Serious fraud describes a range of financial crime and can include the offences of theft, conspiracy to defraud, false accounting, fraudulent trading, as well as offences under the Fraud Act 2006 (fraud by false representation, fraud by failing to disclose information and fraud by abuse of position).
While each case turns on its own facts, when allegations of serious fraud are made they can be hugely disruptive and have far reaching consequences for individuals and businesses alike.
In the UK, serious fraud is investigated and prosecuted by different agencies depending on the seriousness and complexity of the case.
As the UK’s leading law enforcement and prosecution agency for serious and complex financial crime, the Serious Fraud Office (‘SFO’) handles the country’s most significant financial crime investigations and prosecutions.
SFO investigations often involve allegations of fraud and false accounting at large public and private companies and their subsidiaries. These cases usually rely heavily on data (such as emails, messaging and other communication records and financial data) with the SFO exercising its compulsory powers to seize material and compel answers from witnesses.
SFO investigations are long running and usually take years to conclude.
The National Crime Agency (NCA) and specialist police units such as the City of London Fraud Squad and regional Fraud Squads also deal with a range of fraud allegations. CPS specialist fraud prosecution units often bringing these cases to court.
HMRC investigates tax fraud and there are a number of other agencies such as the NHS Counter Fraud Authority who investigate and prosecute serious fraud in particular industry sectors.
The SFO has far-reaching investigatory powers which include those under section 2 Criminal Justice Act 1987. Using the powers under this section the SFO may compel attendance at an interview and the answering of questions.
Although answers given at a section 2 interview cannot usually be used against an individual in any subsequent criminal prosecution, the SFO’s recent practice has included interviewing individuals using this power and subsequently treating them as suspects.
Anyone facing the prospect of a section 2 interview should seek expert advice in order to best navigate this process.
Every case will turn on its own facts, but there are some fundamental building blocks in defending allegations of serious fraud that are common to most.
These cases usually involve large amounts of data which requires expert analysis, and a thorough understanding of forensic accounting issues.
A key first step is often to understand how the business under investigation truly functions, mapping out its internal controls, organisational responsibilities, accounting obligations and the role played by auditors.
The landscape for serious fraud cases changed significantly with the introduction of Deferred Prosecution Agreements (DPAs) in 2014.
DPAs give corporates the option of admitting wrongdoing in exchange for the certainty of avoiding criminal prosecution, albeit with conditions that are likely to include significant financial penalties. The SFO has taken the lead with DPAs and they are increasingly becoming a favoured resolution for a company under investigation for serious fraud or bribery.

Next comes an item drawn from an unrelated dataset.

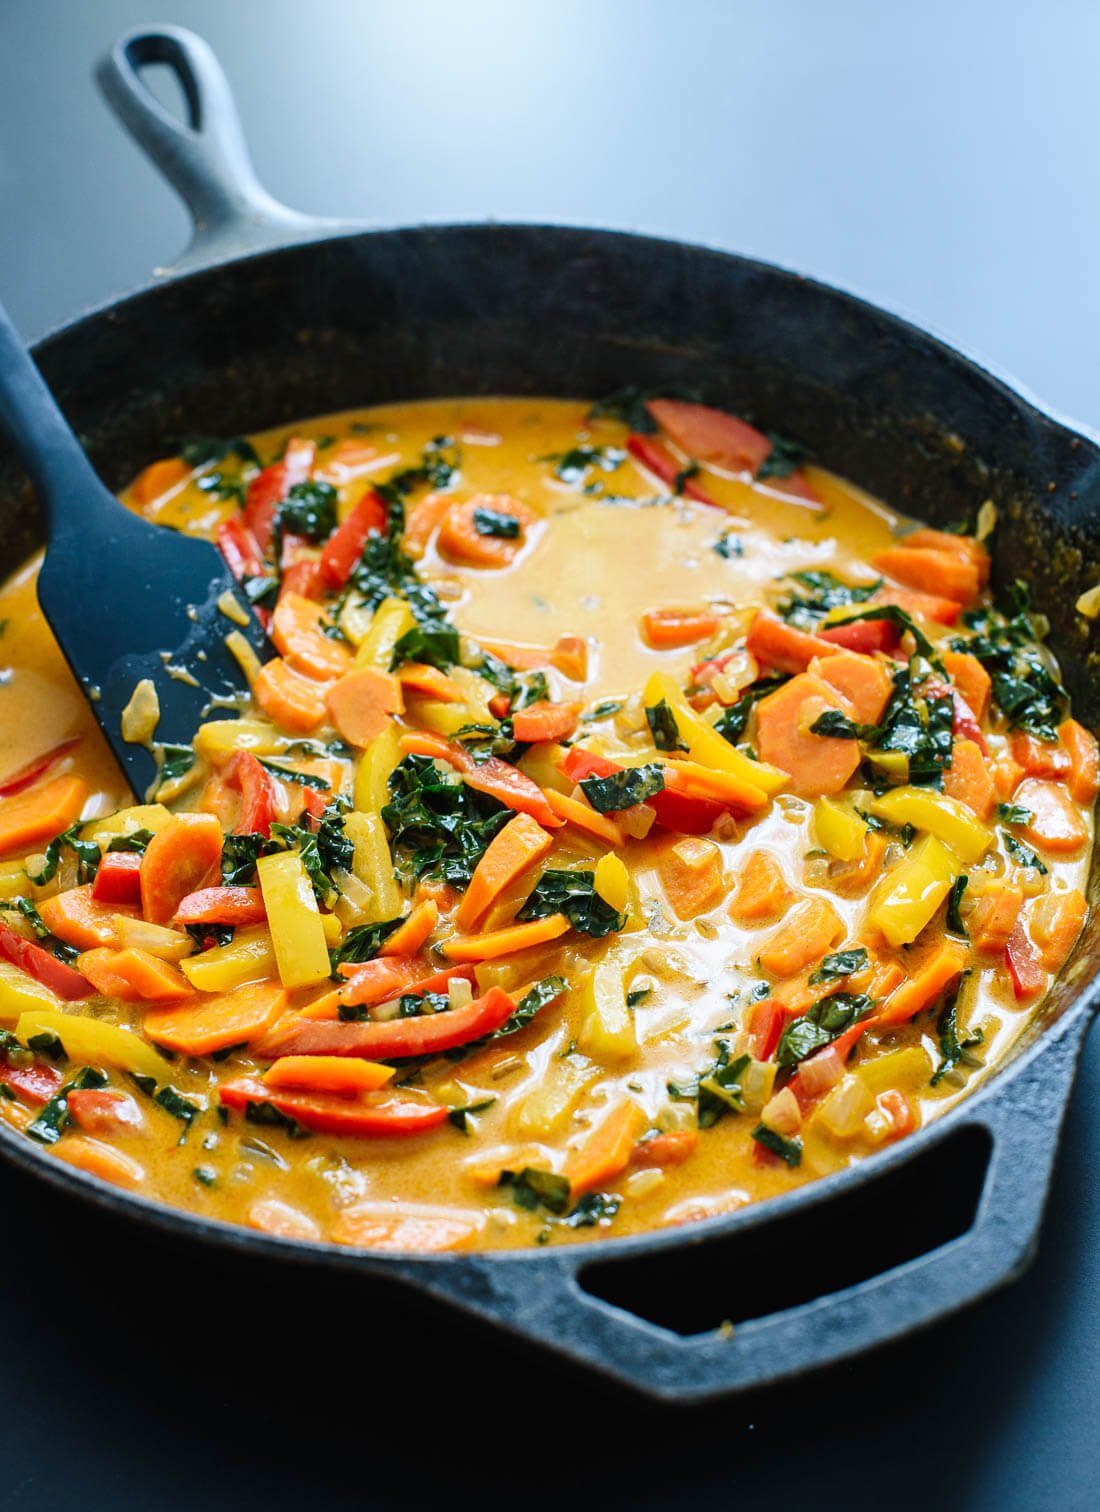 Thai Red Curry Recipe with Vegetables - Cookie and Kate
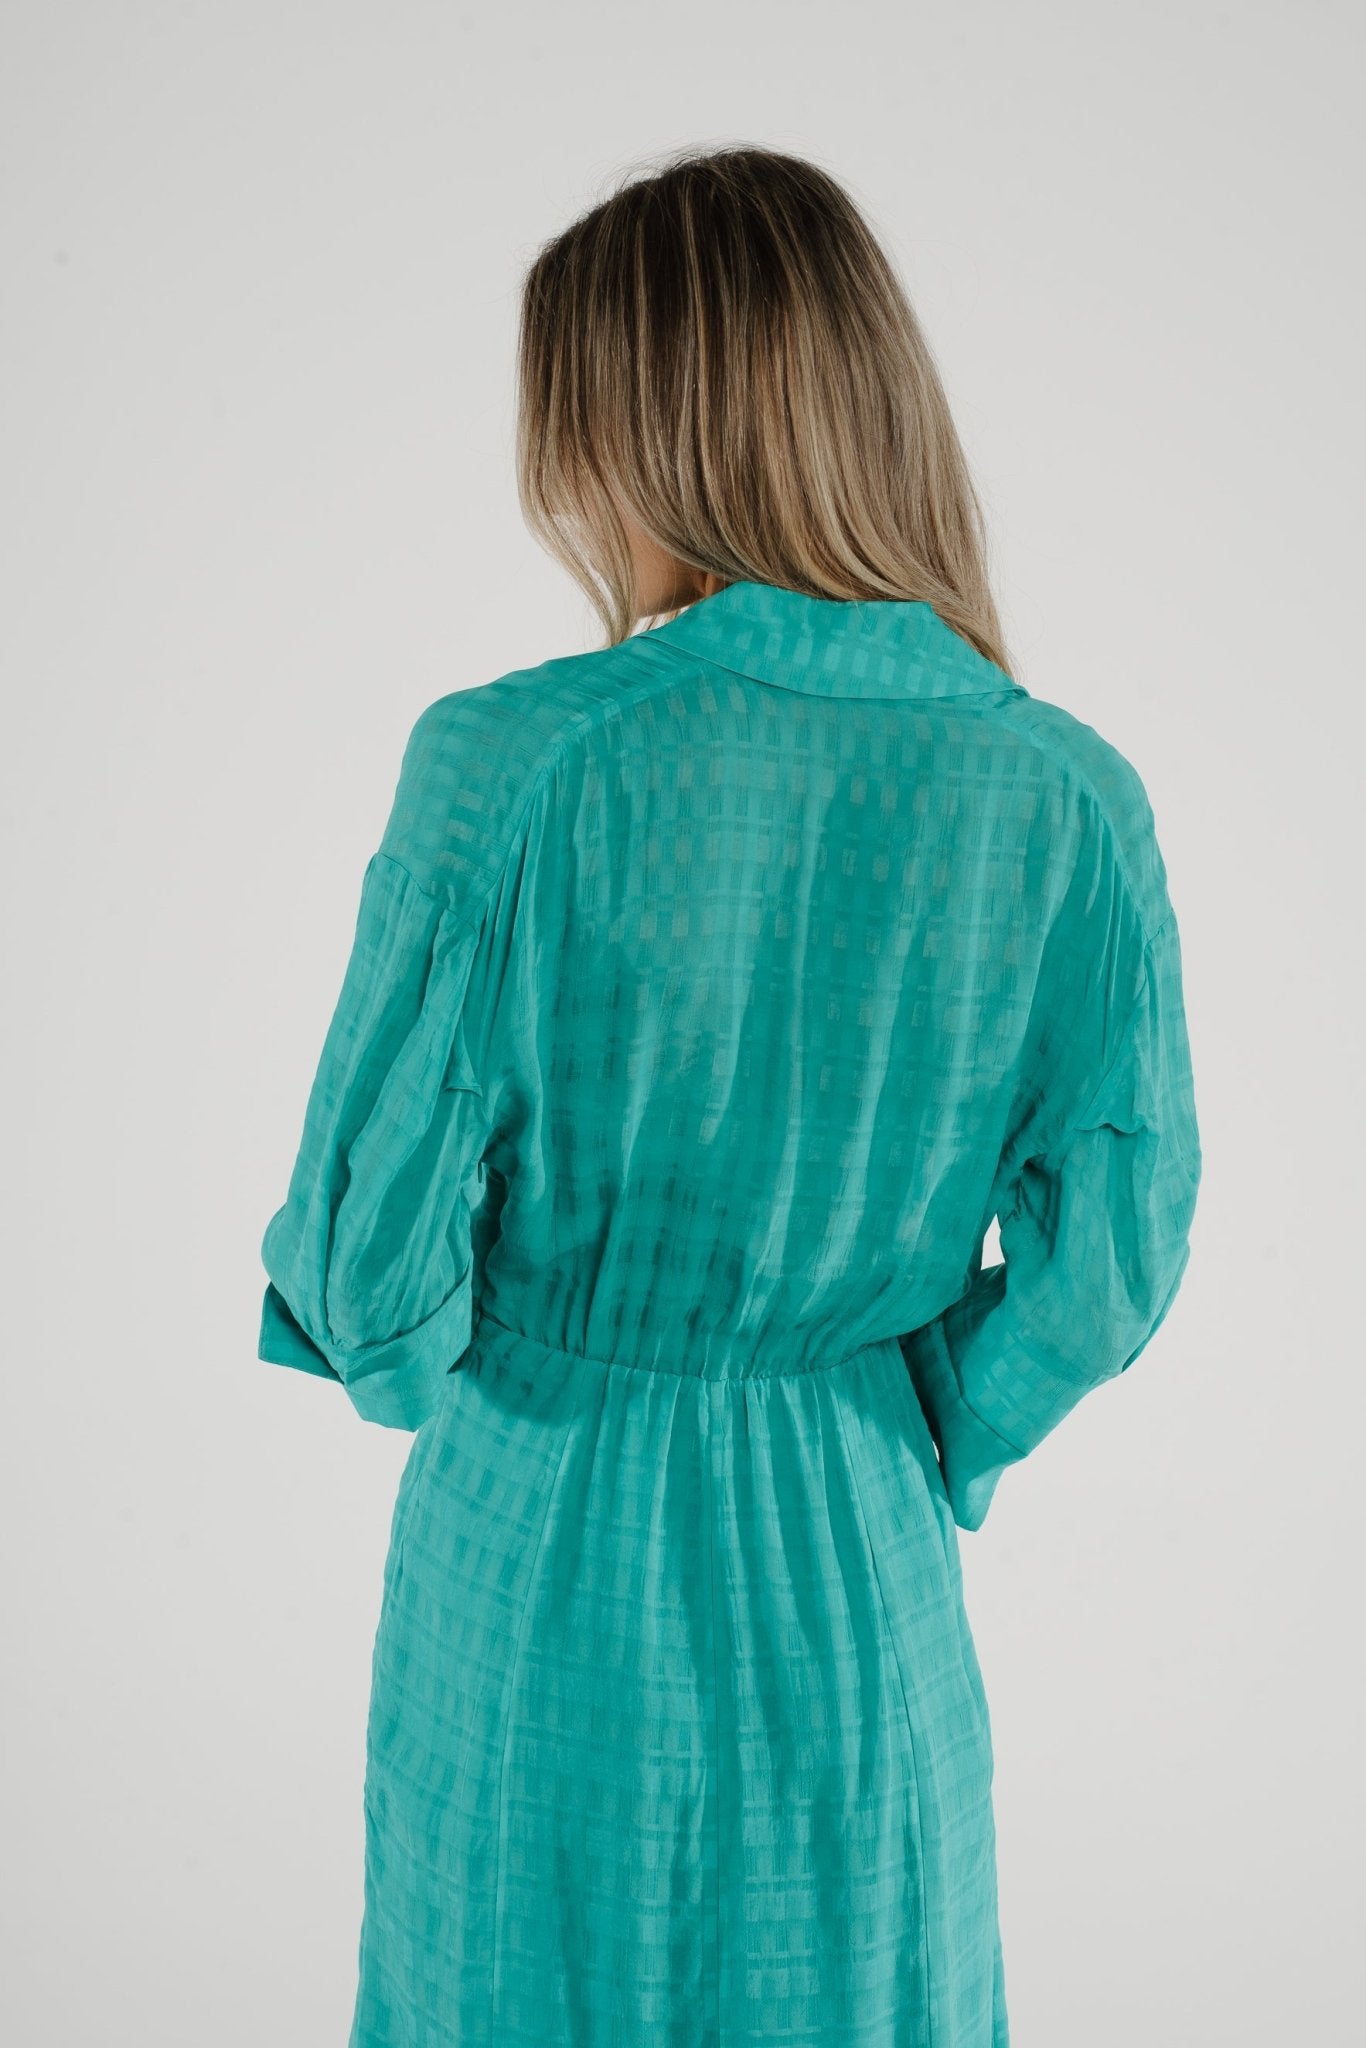 Kayla Button Front Dress In Turquoise - The Walk in Wardrobe

A DPA includes a statement in which the company sets out admissions, with the SFO and the company agreeing this narrative which identifies those individuals blamed for the wrongdoing. Any such individual will be at grave risk of being prosecuted following the DPA. This raises a serious risk for individuals under investigation in serious fraud cases who may find themselves being prosecuted following a narrative in which they are blamed having been agreed between the SFO and the company.
In these cases there is always the risk of a conflict of interest between the company and the individual. This may arise at an early stage such as when an individual is called on by the company to answer questions as part of an internal investigation, especially if there is any prospect the company may in due course seek to blame the individual for wrongdoing as part of a DPA.
Any individual caught up in such an investigation is well advised to consider taking independent advice at an early stage.
Serious fraud investigations sometimes involve more than one investigating agency. This is especially likely to be the case where regulated professionals are involved such as lawyers, accountants and those regulated by the FCA.
In these situations, it is important to build a strategy that considers the multiple and related issues that can arise from the involvement of various agencies.
Similarly, many serious fraud cases straddle more than one jurisdiction. Here it is important to have a coordinated strategy between the various legal teams and to be cognisant of the how decisions in one country might impact investigations and prosecutions in another.
Hickman & Rose has significant experience and expertise acting for individuals and corporates in some of the SFO’s biggest fraud investigations as well as those of other agencies in the UK, and those that involve overseas jurisdictions.
Our financial crime team is at the forefront of cases involving individuals who have been prosecuted following a DPA. This includes the successful defence of Chris Bush, the former Managing Director of Tesco, who was prosecuted by the SFO for fraud and false accounting after the company agreed a DPA in which he was named as a wrongdoer in an alleged £250m profit overstatement.
The case against him was dismissed by the trial Judge who, having heard six weeks of prosecution evidence, concluded there was no case to answer.
The team currently act for former senior executives in two similar SFO prosecutions that have followed DPAs.